Risks of Artificial Intelligence

Speculative Risks

This section cover some theoretical risks, not necessarily what you see today (2026) but what you could see in the future, and some resources.

Speculative Risks according to MIRI Some institutions like MIRI believe that at some point AI will become so advanced to be a Super Intelligence (ASI), that is an “AI that substantially surpasses humans in all capacities, including economic, scientific, and military ones”. They claim companies are already building goal-oriented AI because they are economically useful. They claim that problem solving with a long time horizon is essentially the same thing as goal-oriented behavior.

A more advanced AI needs the mental machinery to strategize, adapt, anticipate obstacles, etc., and it needs the disposition to readily deploy this machinery on a wide range of tasks, in order to reliably succeed in complex long-horizon activities.

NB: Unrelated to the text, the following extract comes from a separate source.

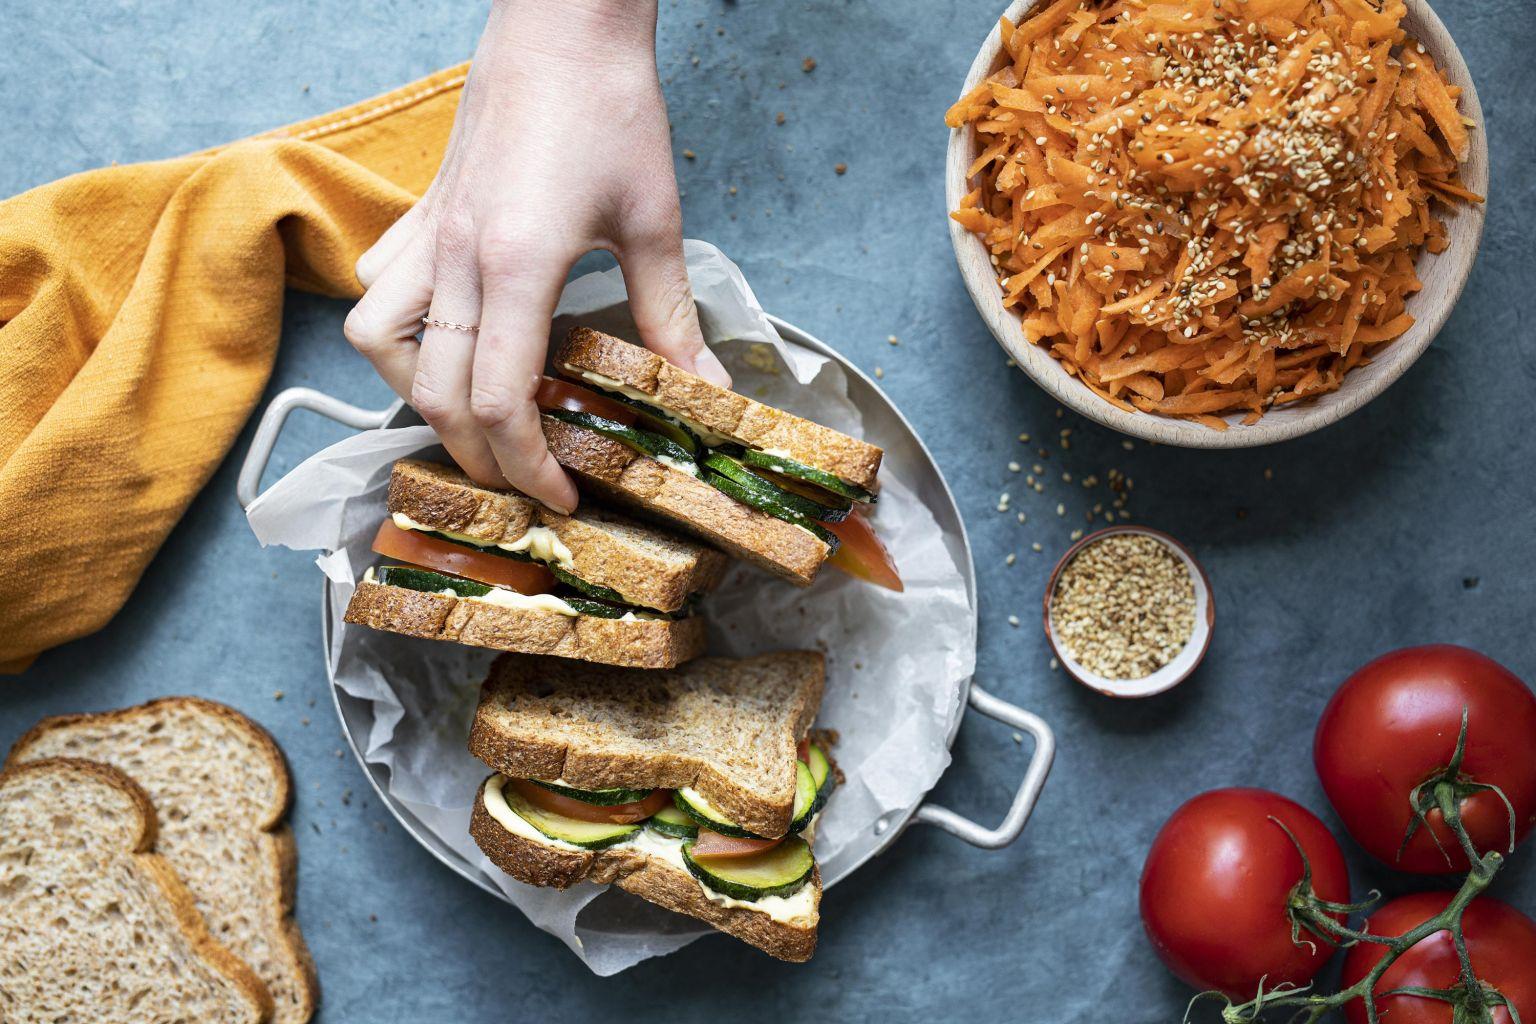 Club-sandwich asiatique aux légumes grillés et salade carotte/sésame

An Artificial Superhuman Intelligence could see humans as obstacles and operate in a way that is adversary to them. Imagining the AI as an independent autonomous agent with an agenda:

  • modifying AI goals count as obstacle
  • shutting down the AI count as obstacle
  • to pursue goal, an AI might maximize power, influence, gain control as many resources as possible and so on.

Machine Learning models are grown: abstracting the technical part and using metaphors, we could see machine learning models as designing the principle of evolution. When the learning algorithm interacts with data, it produces complicated neural networks that are good at doing things but we don’t understand them exactly. Even though Explanable AI (XAI) is a research field, it’s still at the beginning.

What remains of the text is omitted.